MODELLING THE DYNAMIC PROGRESSION OF CELLULAR AGING THROUGH THE DEVELOPMENT OF SYSTEMS BIOLOGY AND BIOINFORMATICS TOOLS

(MAESTRO)

 

The proposed project is dealing with the study of cellular senescence/aging mechanisms with revolutionary computational intelligence algorithms for modelling the aging complexity. Several concepts from the Systems Biology and Bioinformatics field will be tested and new ones will be developed to analyse text-mining data and mostly high-throughput experimental ones, collected in a certain time span, with the scope of deriving dynamic rather than static biomolecular networks of the aging mechanisms, as well as elucidating their regulatory modes. For this purpose three research teams are united, each one with distinct experience, to act complementary, while significant will be the contribution of the invited researcher from abroad.

The best available model to study human aging in vitro is the replicative senescence model, based on the fact that young primary fibroblasts can perform a limited number of duplications in vitro before they enter a state of irreversible growth arrest where they are called senescent [1]. Alternatively, the stress-induced premature senescence model can also reveal many undefined pathways that govern the progression of cellular aging [2]. The ultimate goal of this proposal is to model the aging phenomenon, based on novel designed experiments that record transcriptome and interactome activity at higher time resolution in comparison to the time span stated in recent literature. The proposed work will begin with experiments regarding the dynamic response and progression of cellular aging in these two models. Biological material (RNA and proteins) will be collected from 5 time points for the replicative senescence model along with 4 time points for the stress-induced premature senescence and will be subjected to the major state of the art technologies (genomic, proteomic and phosphoproteomic) of Systems Biology. Biological samples will be also maintained for verification experiments of the in silico derived results.

The second and most crucial phase of the proposal is the development of a complete computational intelligence environment, for experimental data analysis and simulation purposes, representing a virtual functional analogue of the mechanisms governing the aging process. This approach will employ a wide range of top-down and bottom-up computational methodologies (e.g. stochastic modeling, clustering and learning algorithms, optimization methodologies, decision trees, fuzzy logic, graph theory, control theory, enzyme kinetics). The results will lead to the revelation of dynamic Gene Regulatory Networks and Protein-Protein Interaction Networks; while at the same time sets of candidate bioindicators will emerge either at molecule level (gene/proteins) or at sub-network level. The results will be compared with information gleaned from the literature and open access databases. Next, kinetic models that describe the aging mechanisms will be designed after meta-analysis of the experimental and computational data.

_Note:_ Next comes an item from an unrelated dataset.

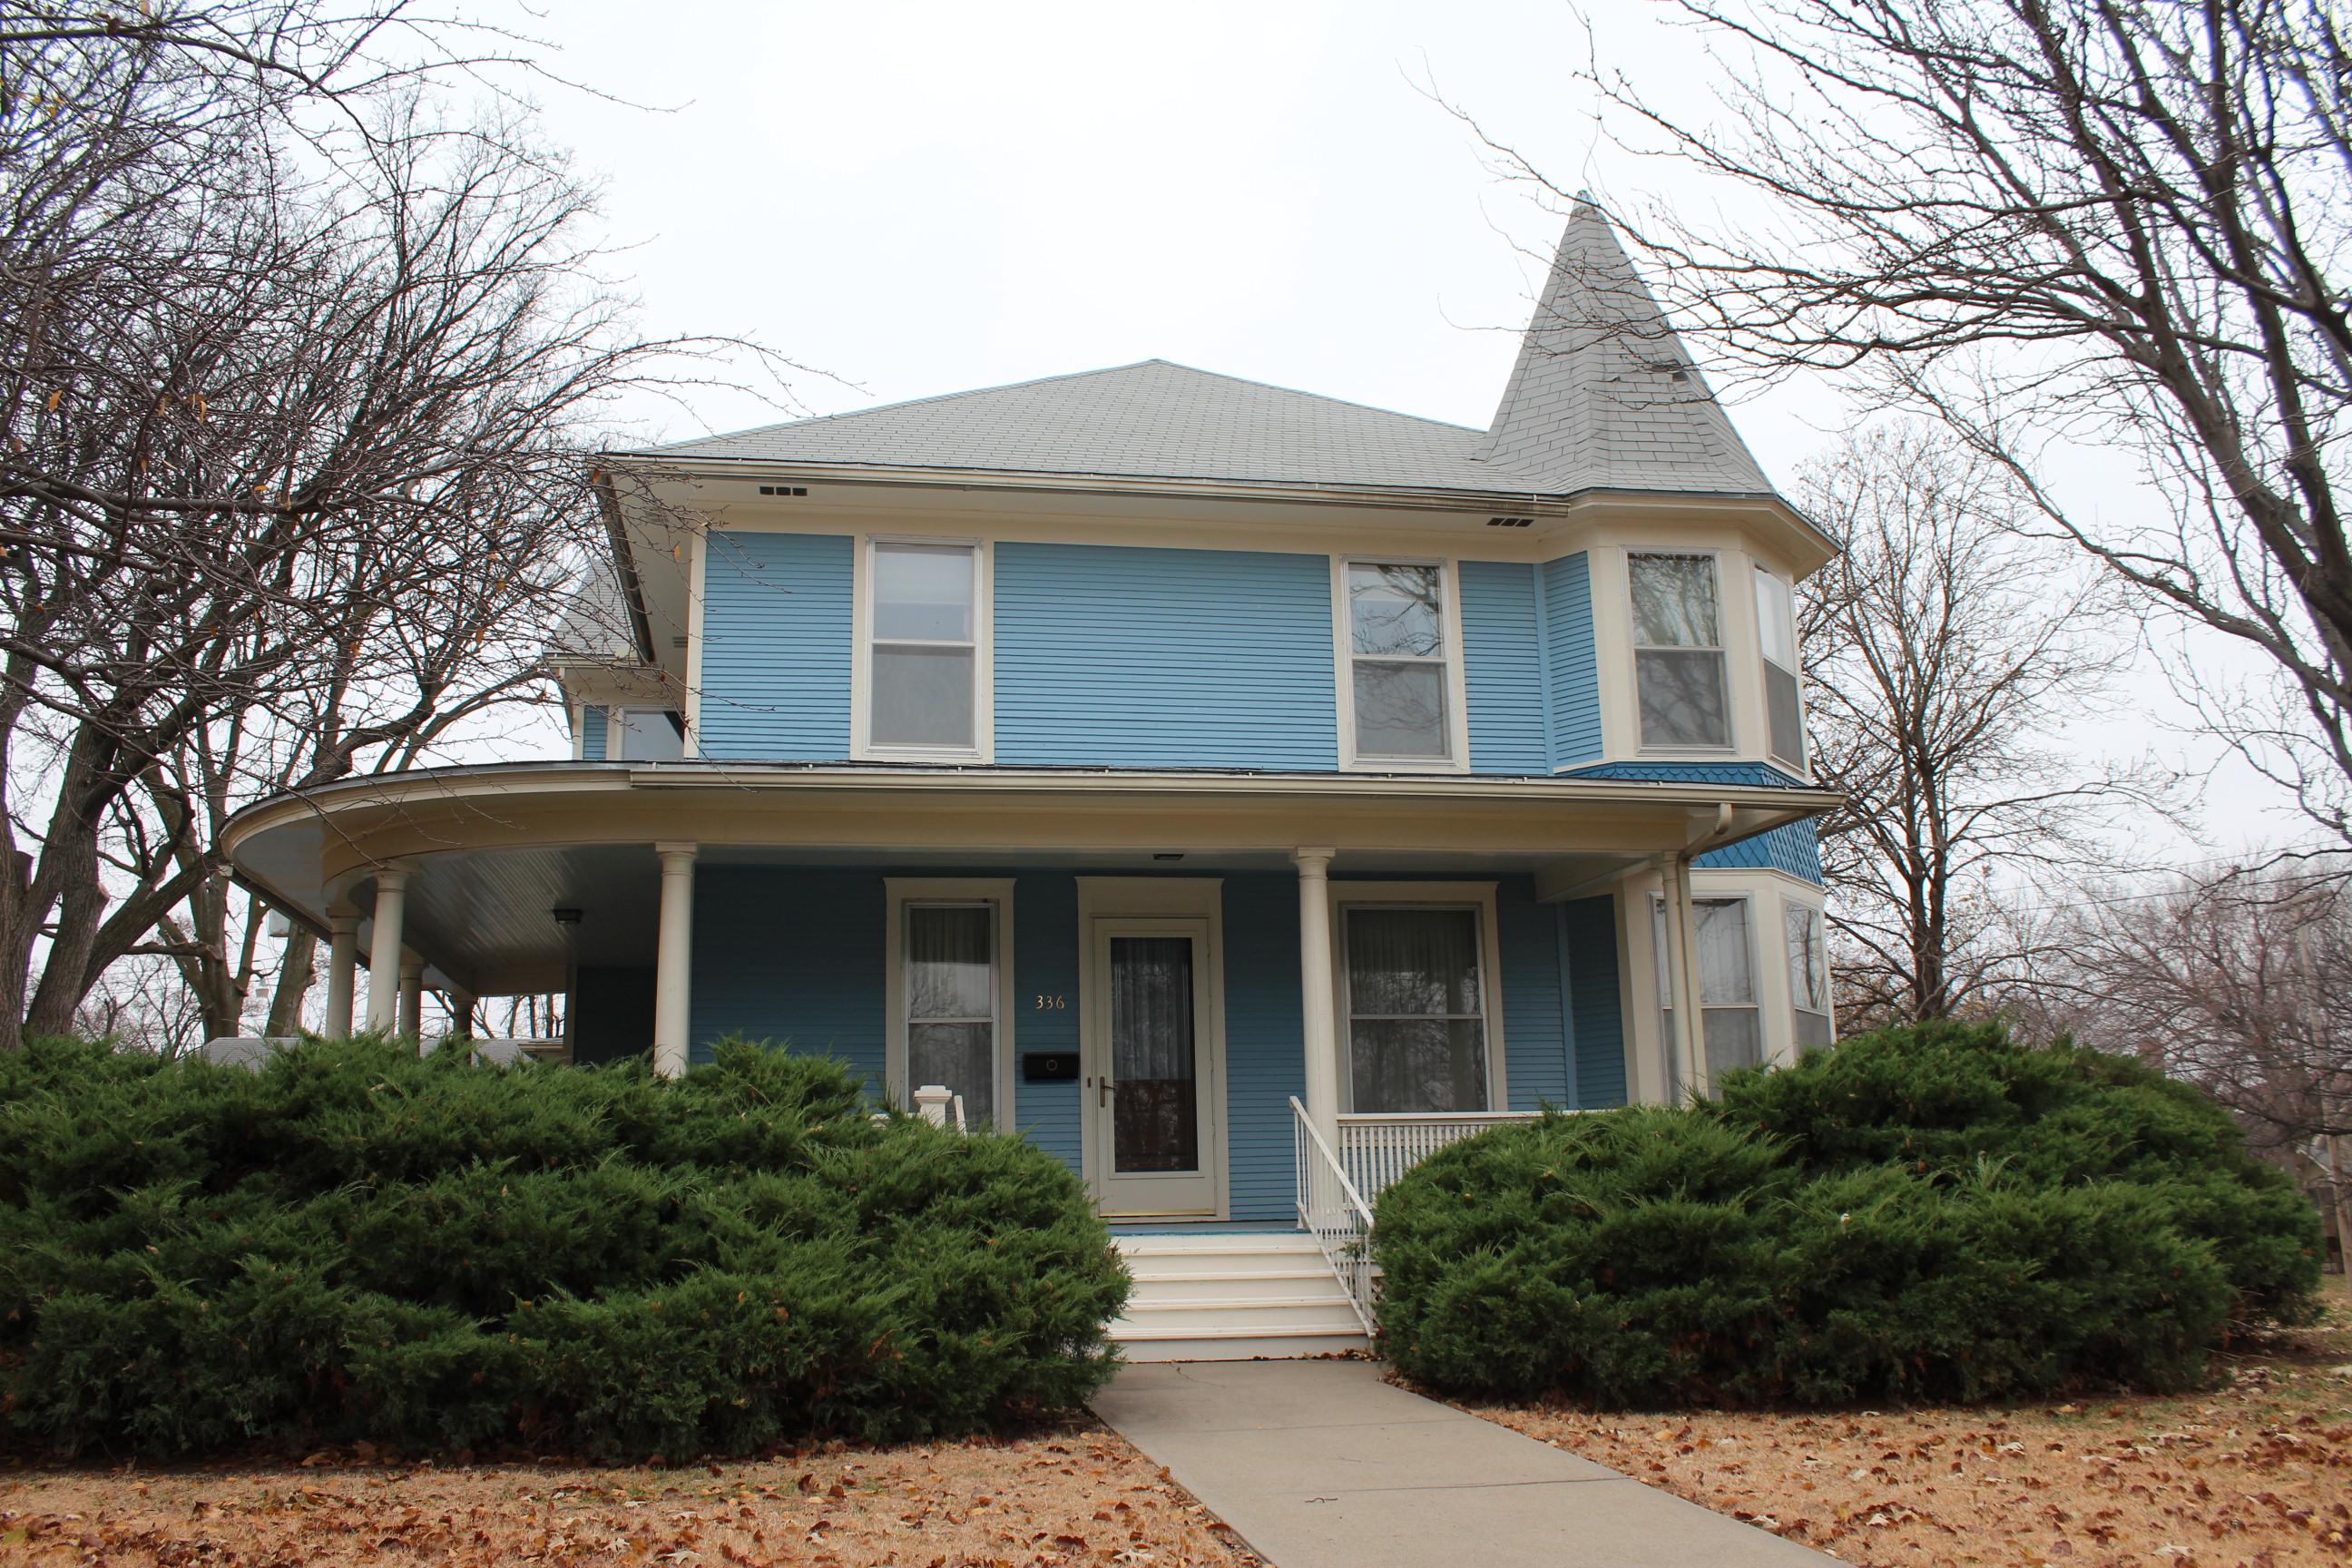 336 West 9th Street, Concordia, Kansas 66901

Finally, the predictive power of the computational analysis will be experimentally validated (by the invited researcher from abroad) in the in vivo model of C.elegans. At the same time, a local database will be constructed including the experimental data, the developed computational tools, as well as the data from open access databases used for cross-validation.

The main objectives of the proposed research are:

  1. Dynamic study of cellular aging process at the genomic, proteomic and phosphoproteomic level in two in vitro models of aging.
  2. The reveal of the Gene Regulatory Networks dynamics in aging process.
  3. Identification of the protein networks involved in the evolution of the two different aging processes and the characterization of the specialized regulatory interactions involved separately in each type of aging.
  4. Development of standard models simulating functional aspects of aging through computational methods.
  5. Derivation of the critical biological networks and interactions to reproduce effectively the functionality of the aging process through in silico testing (reduced cellular supernetwork of the logic of aging).
  6. Identification of bioindicators (molecules or molecular subnetworks) of aging mechanisms.
  7. Design and implementation of a data repository for the study of aging, compatible with international standards for biological information exchange, representation and semantic processing.

Verification of the results on in vivo organismal level, leading to the evolutionary screening of the aging process.